WHAT YOU HAVE TO DO:
Your answer should be the lines from the one with "Nowy gatunek ślimaków" to the end of the data below, both included, exact and free of pictures.

COLLECTED MATERIAL:
___

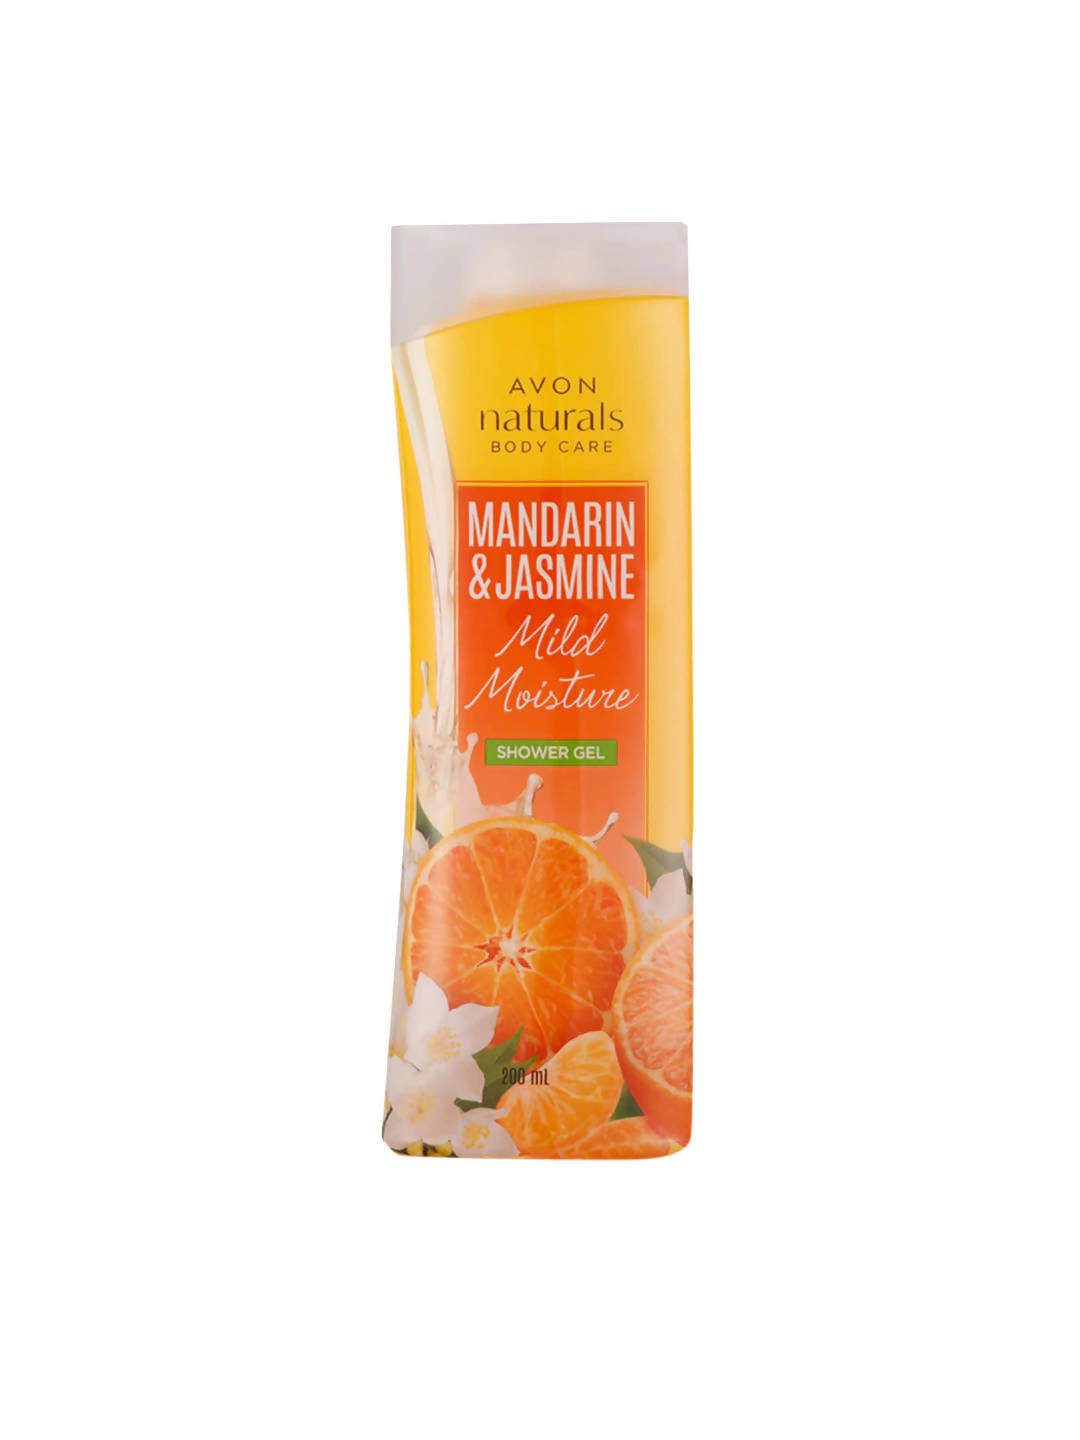 Avon Naturals Body Care Mandarin & Jasmine Mild Moisture Shower gel 
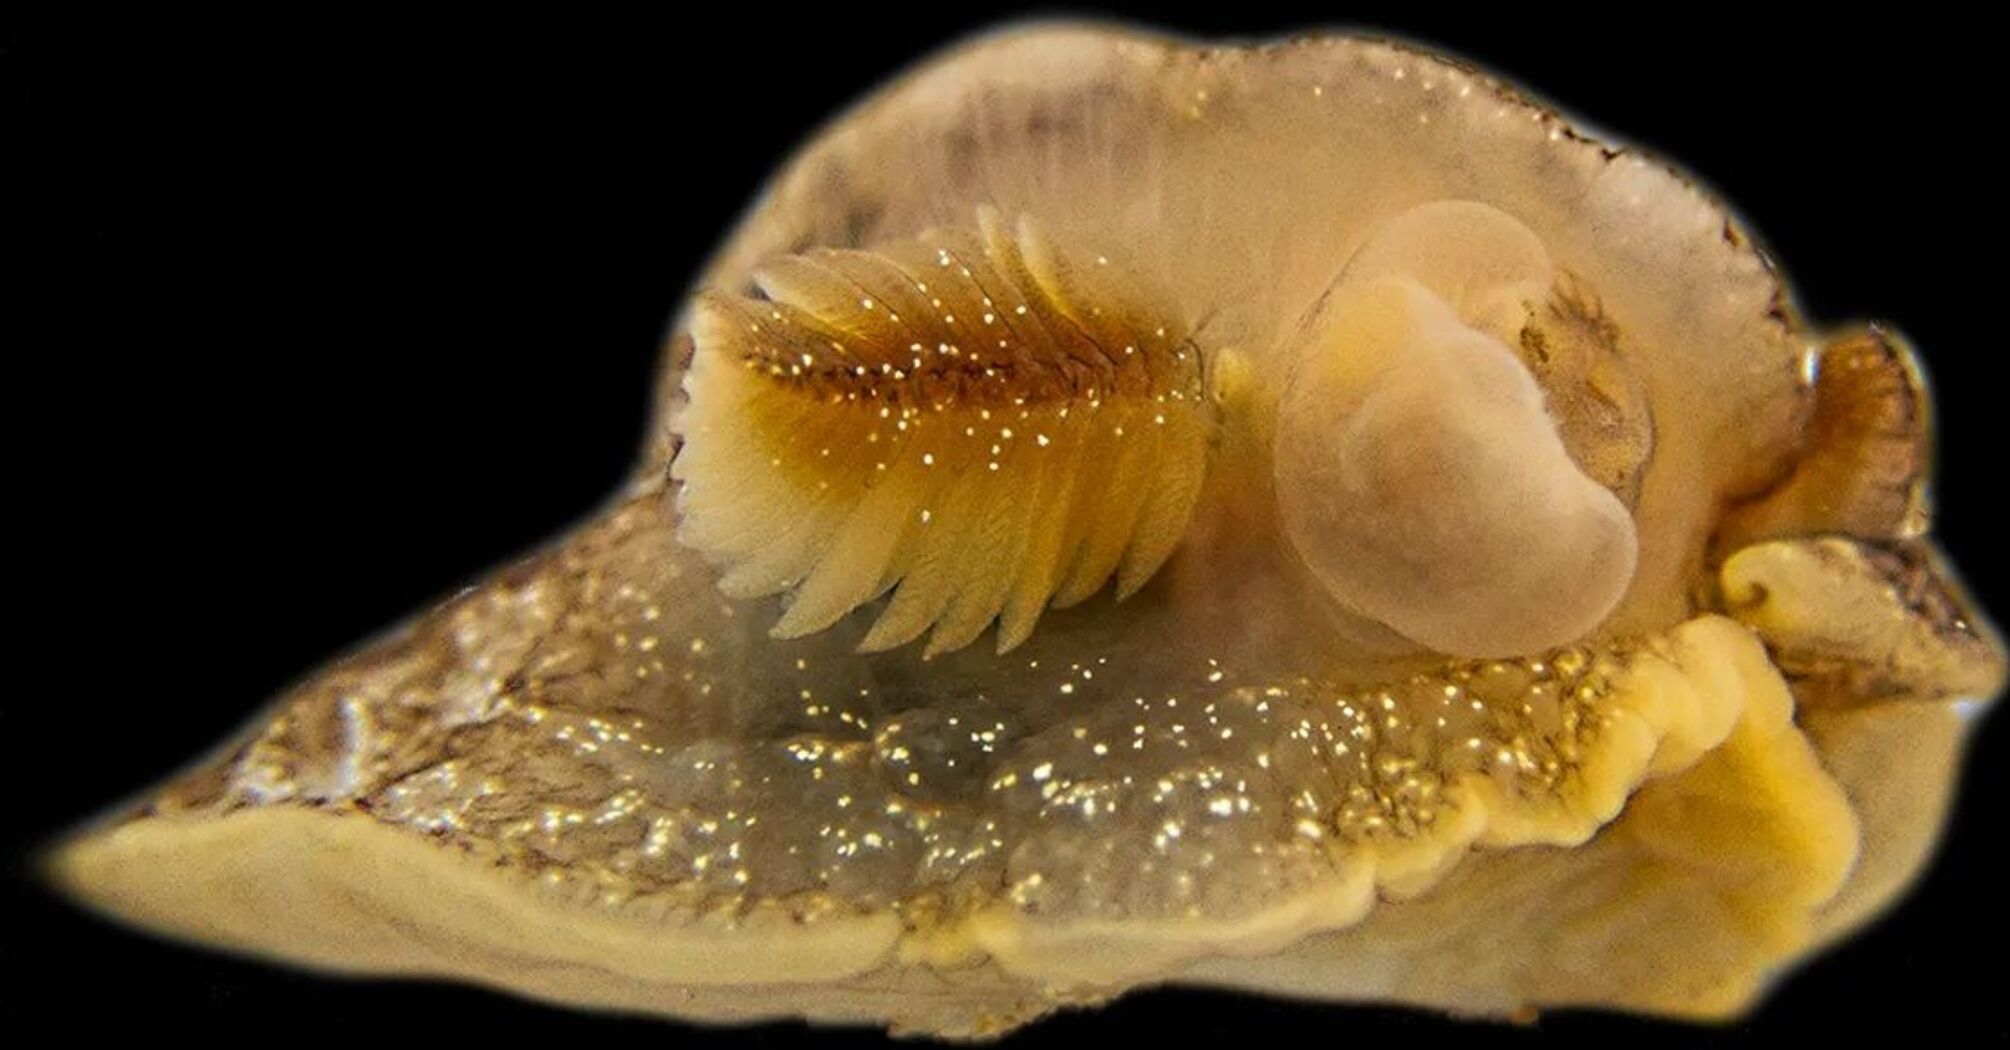 Nowy gatunek ślimaków morskich odkryty przypadkowo w Wielkiej Brytanii (foto)
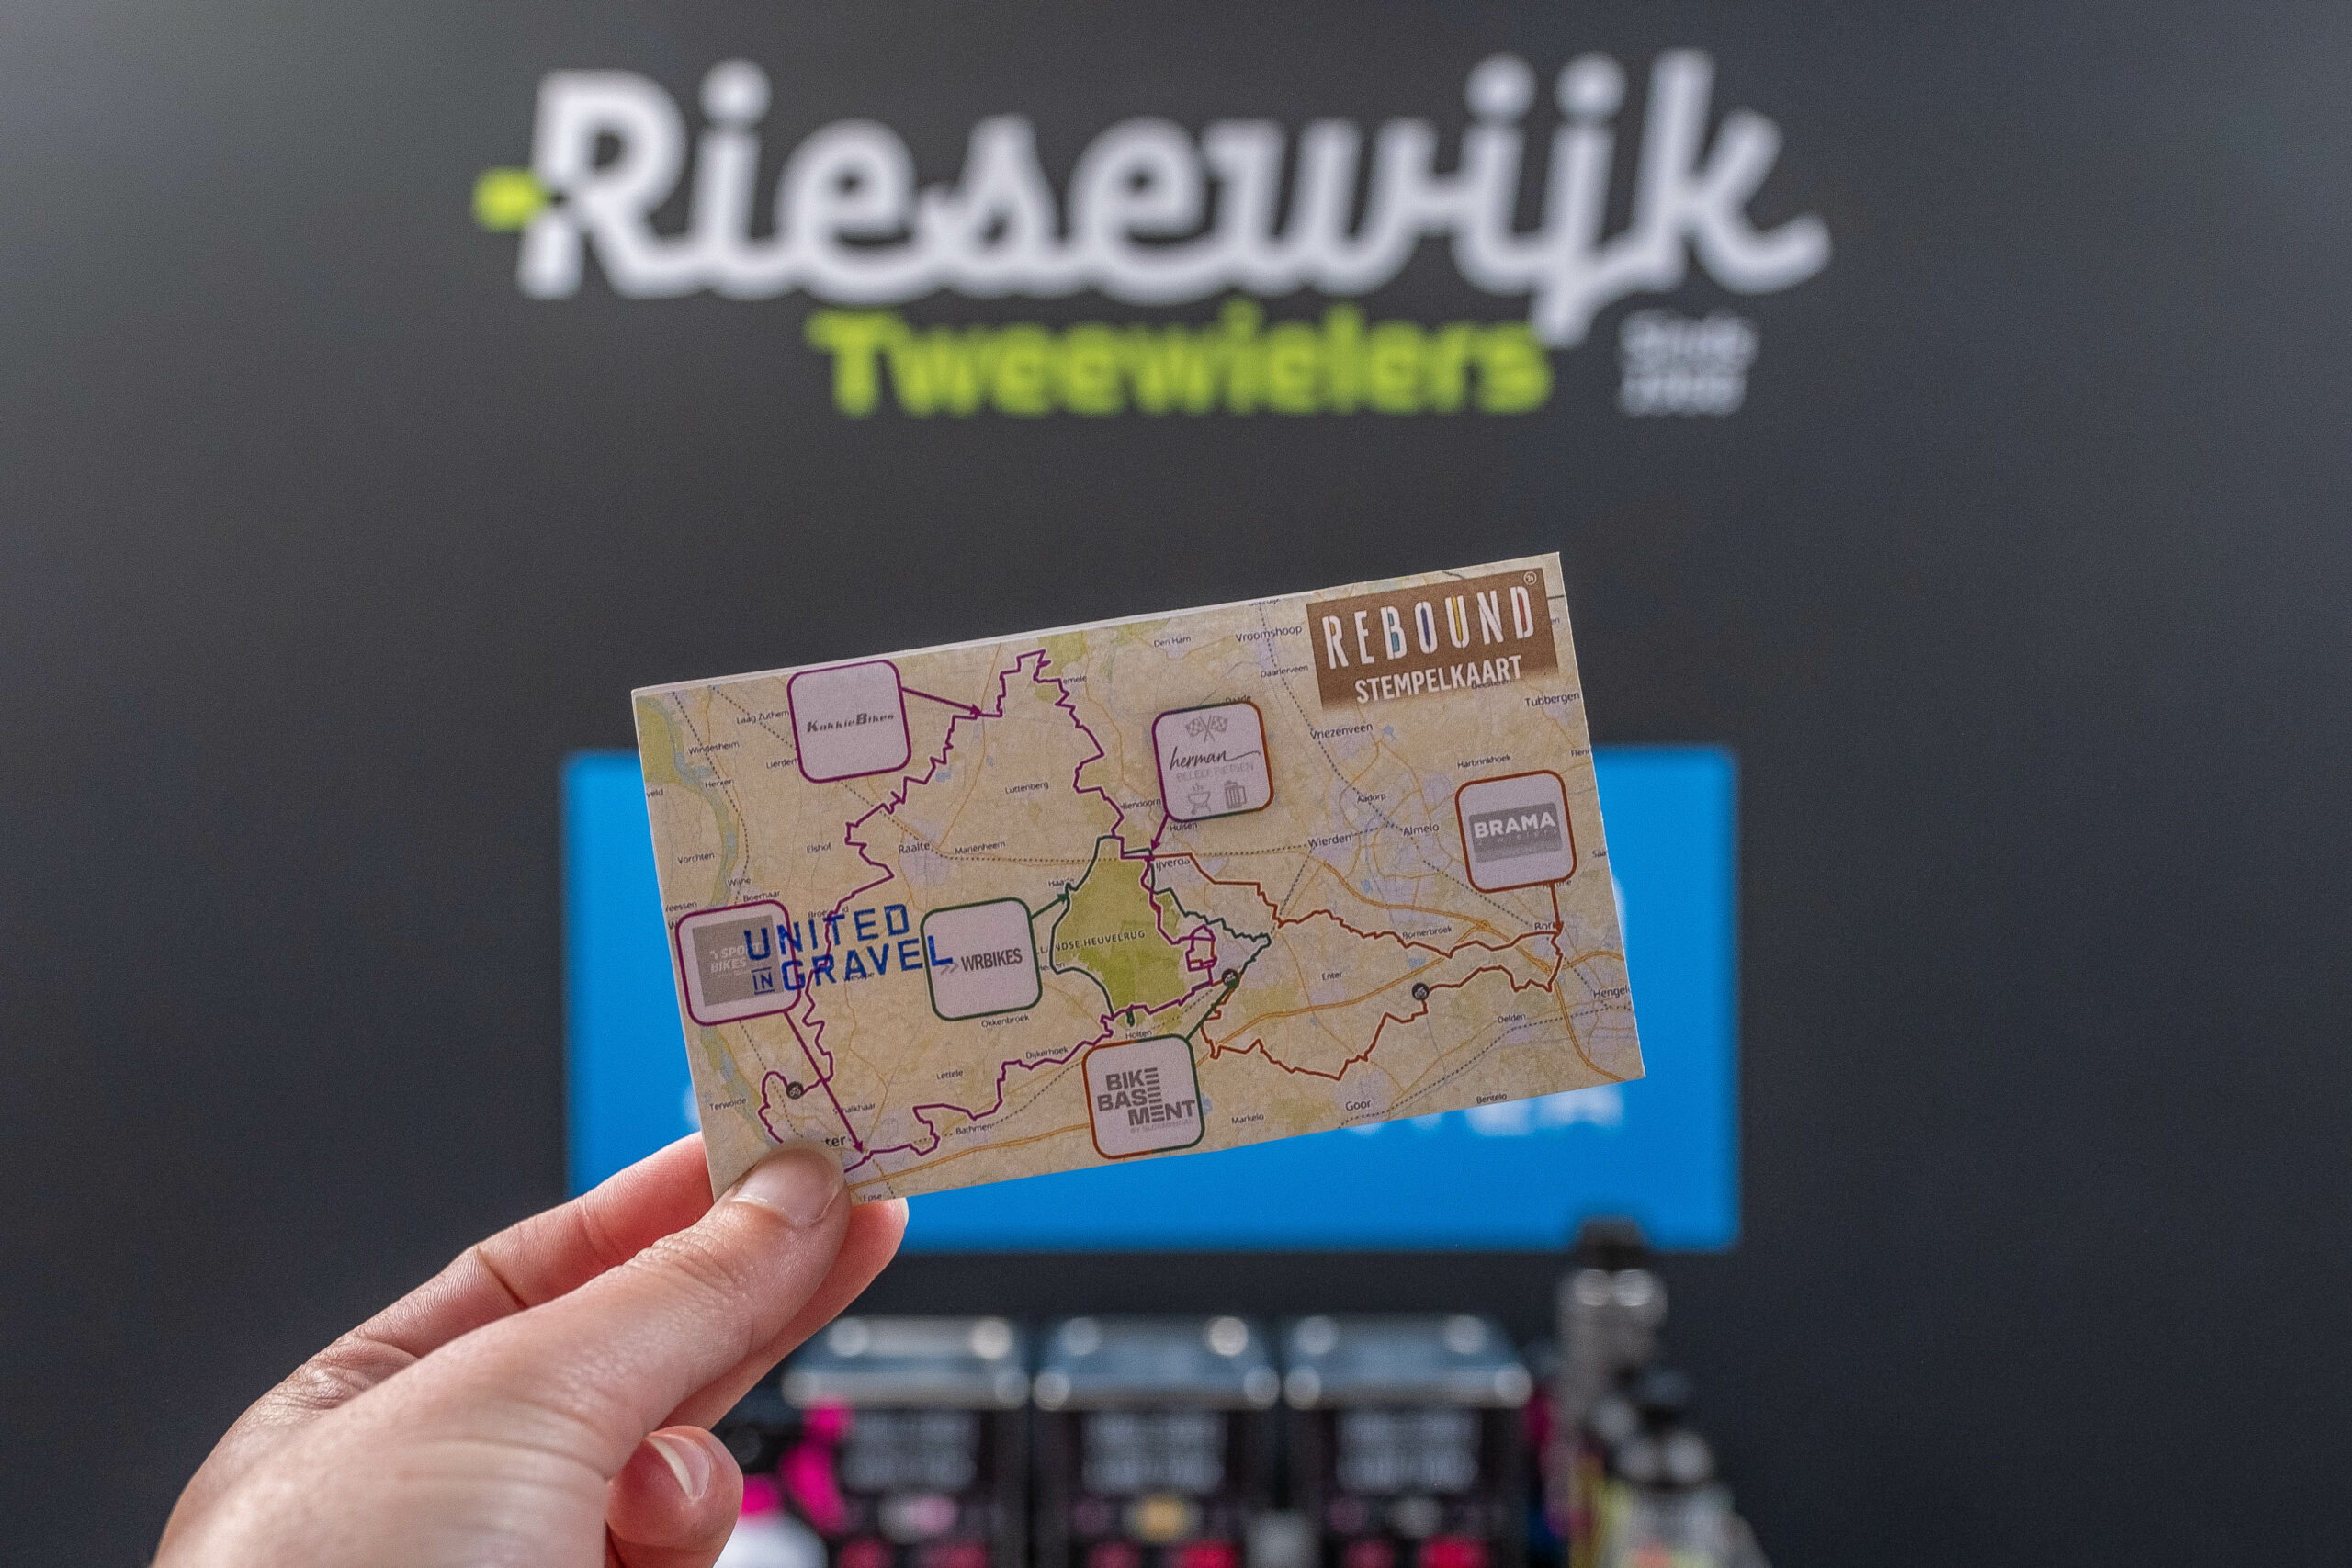 Rebound Strava Ride bij Riesewijk Tweewielers Deventer

___

YOUR SOLUTION:
 Nowy gatunek ślimaków morskich odkryty przypadkowo w Wielkiej Brytanii (foto)
 Rebound Strava Ride bij Riesewijk Tweewielers Deventer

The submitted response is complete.